# Validate Model

Scores the trained model on the holdout test set and prints a classification report with ROC AUC.

**Pipeline context:** This notebook is the missing "Validate" step. It gets added to the pipeline visually using the **Elyra pipeline editor**, inserted between Train Model and Upload Model.

**Quality gate:** If AUC falls below 0.7, the model should be retrained with different hyperparameters or more data.

In [None]:
import numpy as np
import pickle
from sklearn.metrics import roc_auc_score, classification_report

In [None]:
# Load the trained model and test data from the previous pipeline step
MODEL_PATH = "model.pkl"
TEST_DATA_PATH = "test_data.npz"

print("Loading trained model...")
with open(MODEL_PATH, "rb") as f:
    clf = pickle.load(f)

print("Loading test data...")
test_data = np.load(TEST_DATA_PATH)
X_test, y_test = test_data["X_test"], test_data["y_test"]

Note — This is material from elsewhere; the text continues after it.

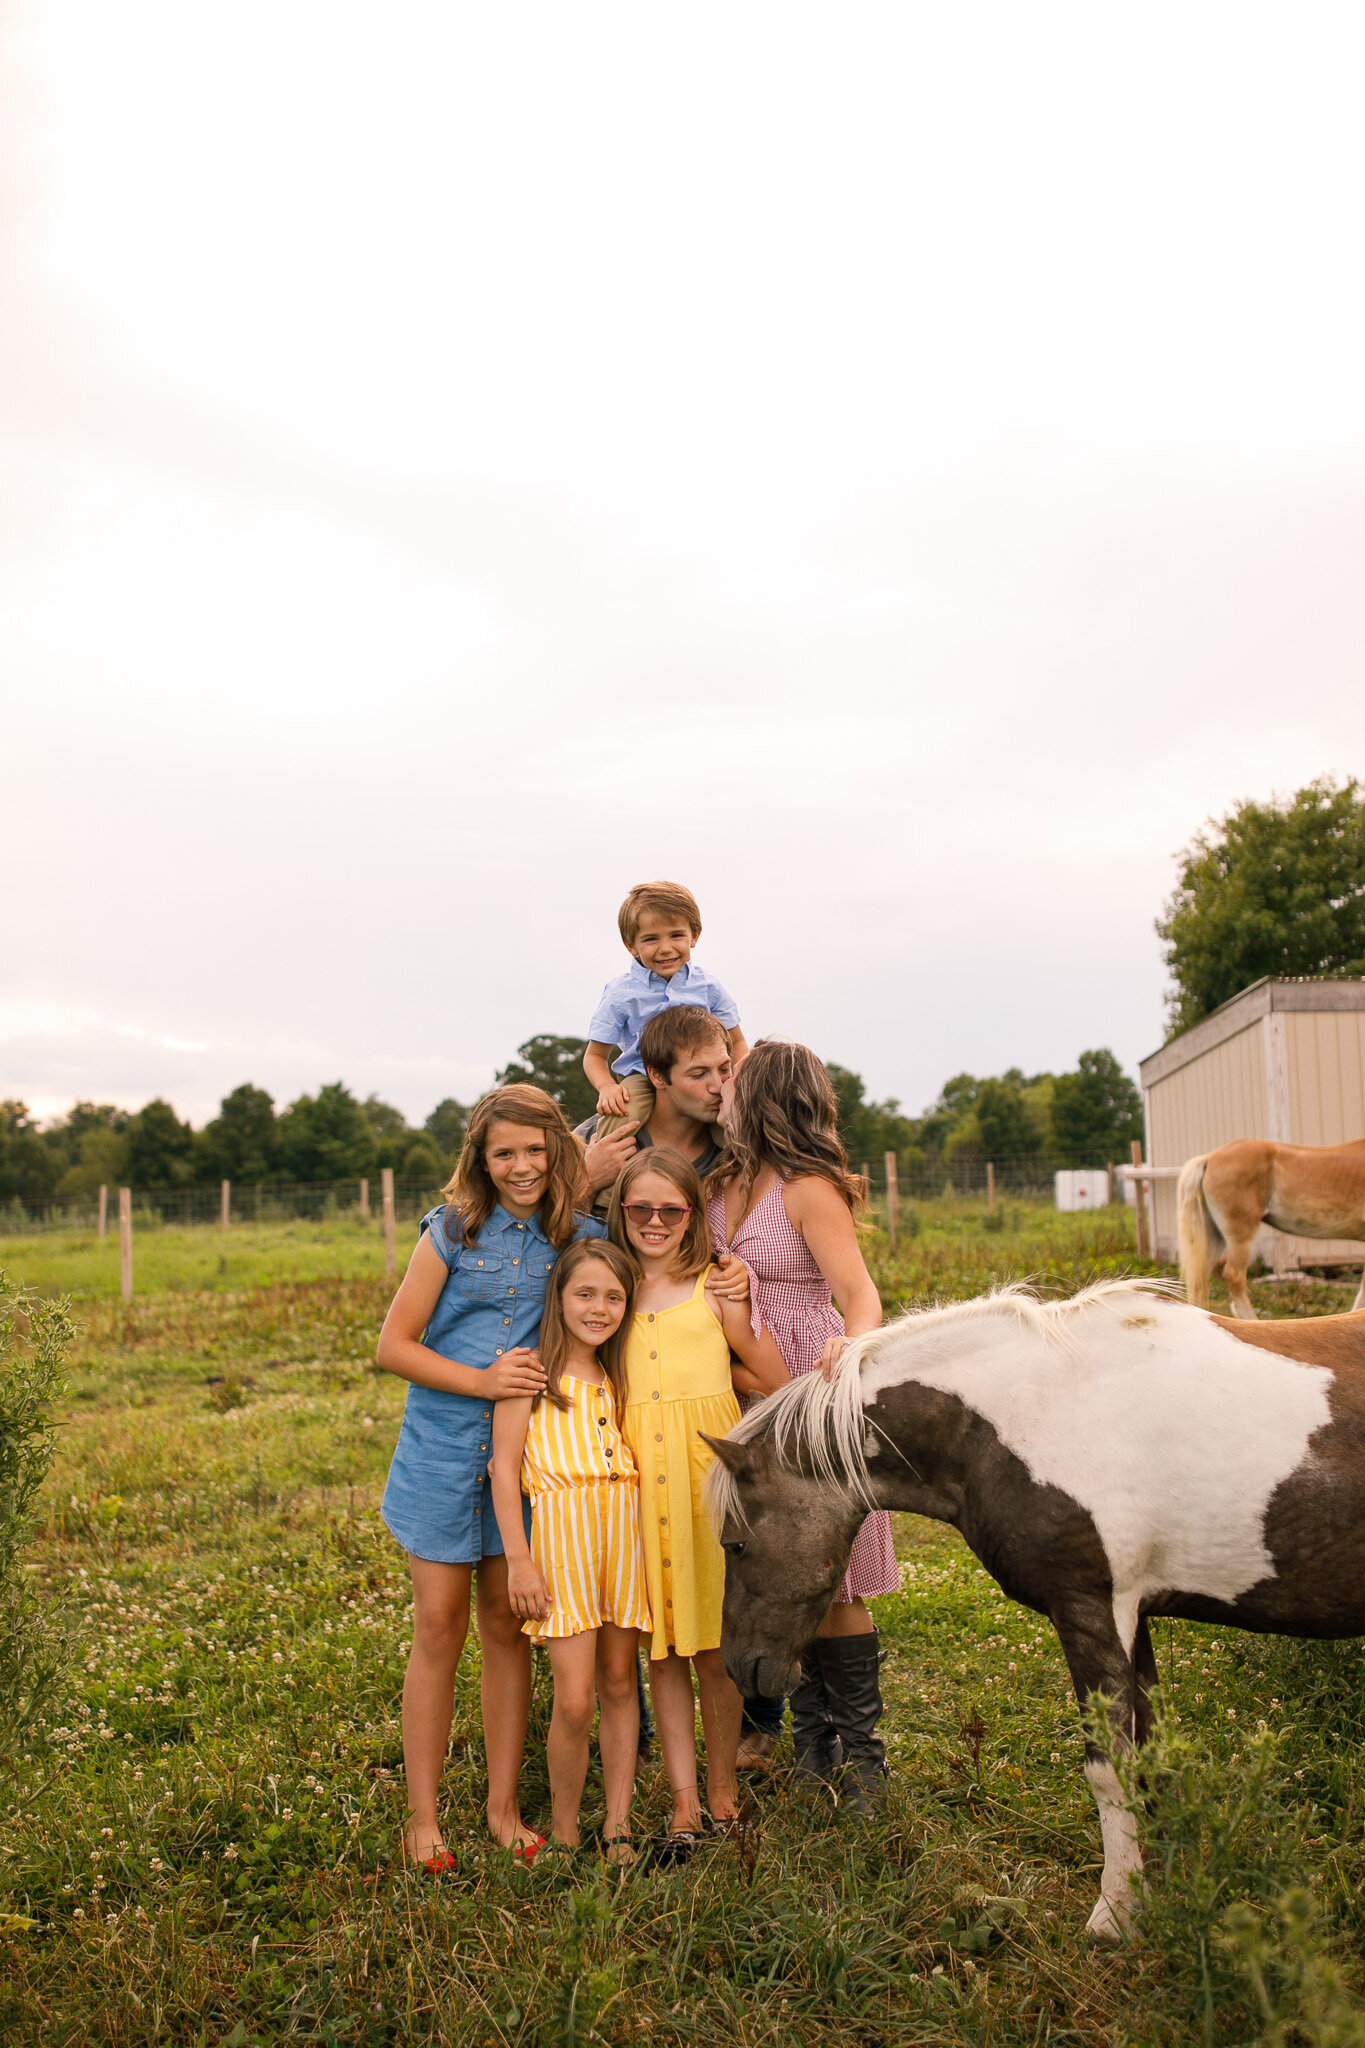 Grand Rapids Lifestyle Family Photographer - West Michigan Family Photography - Farm living - farm family photos - j darling photo - rockford family photographer - torren family 019.jpg
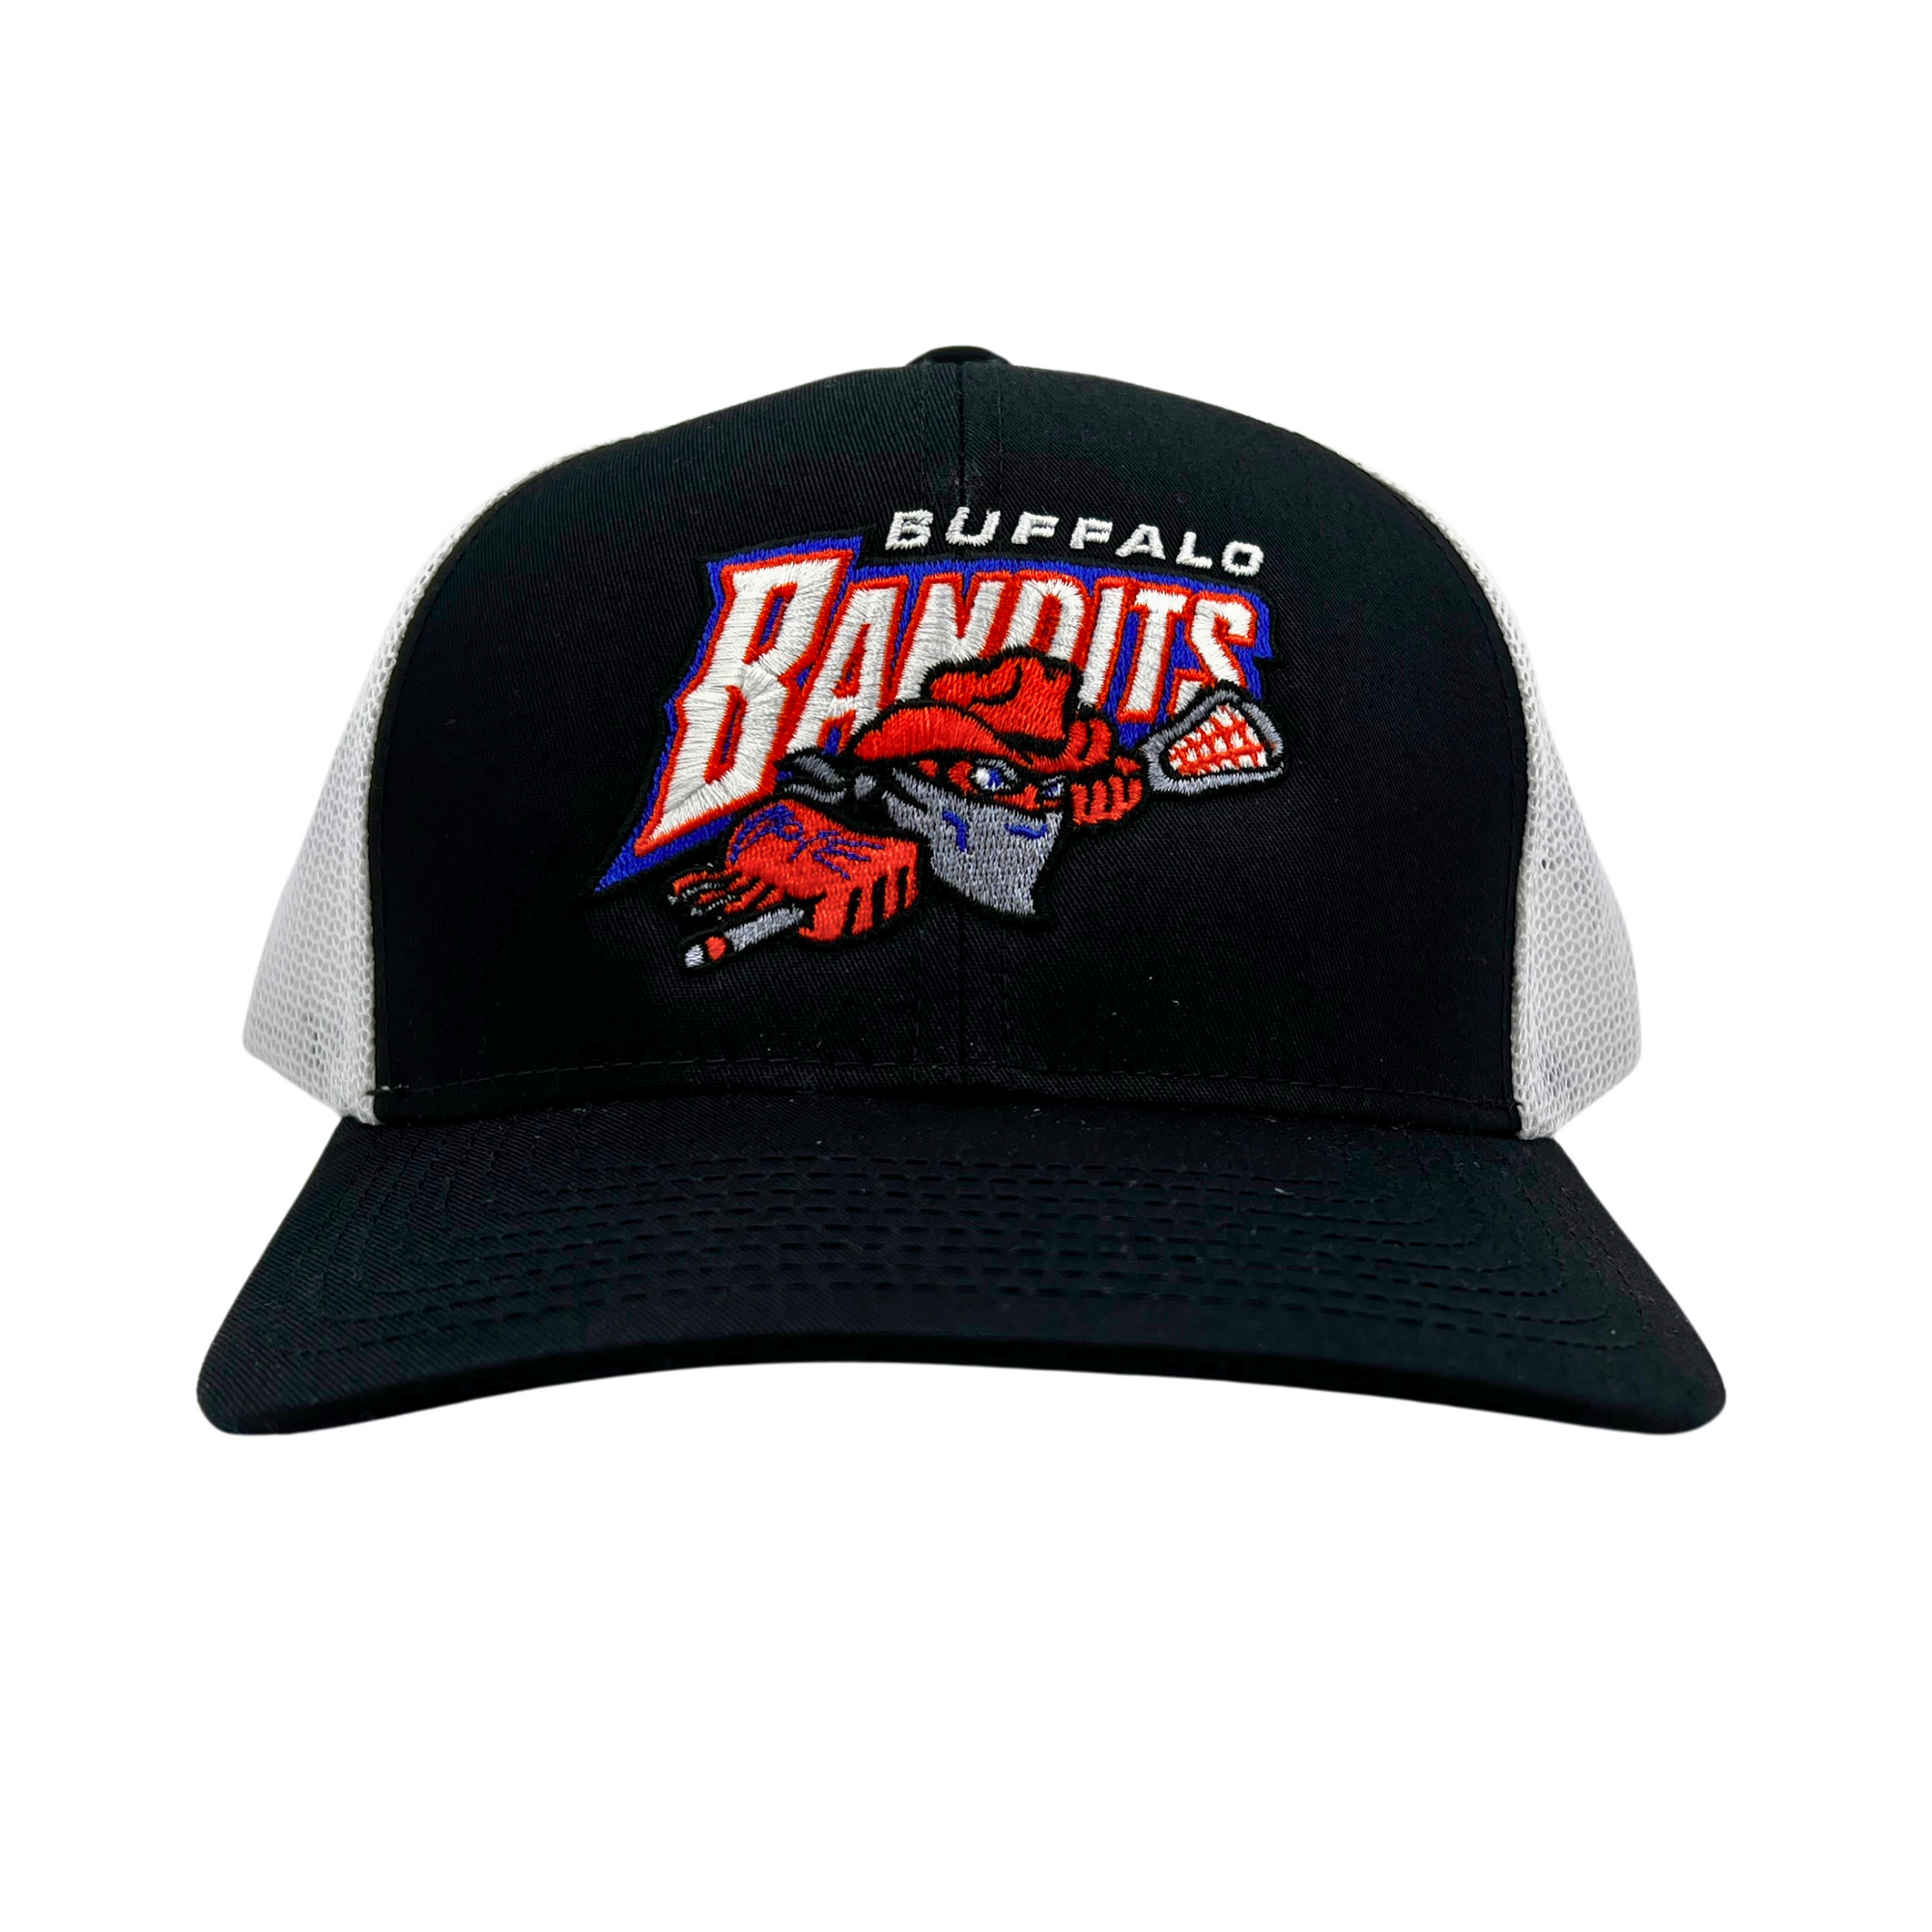 Buffalo Bandits with logo Black & White Trucker Hat

print(f"Test samples: {len(X_test)}")

In [None]:
# Run predictions and compute metrics
y_pred = clf.predict(X_test)
y_prob = clf.predict_proba(X_test)[:, 1]
auc = roc_auc_score(y_test, y_prob)

print(classification_report(y_test, y_pred, target_names=["Legitimate", "Fraud"]))
print(f"ROC AUC Score: {auc:.4f}")

In [None]:
# Quality gate
if auc < 0.7:
    print("WARNING: AUC below 0.7 threshold -- model may need retraining")
elif auc < 0.9:
    print("Model quality: ACCEPTABLE (AUC 0.7-0.9)")
else:
    print("Model quality: GOOD (AUC > 0.9)")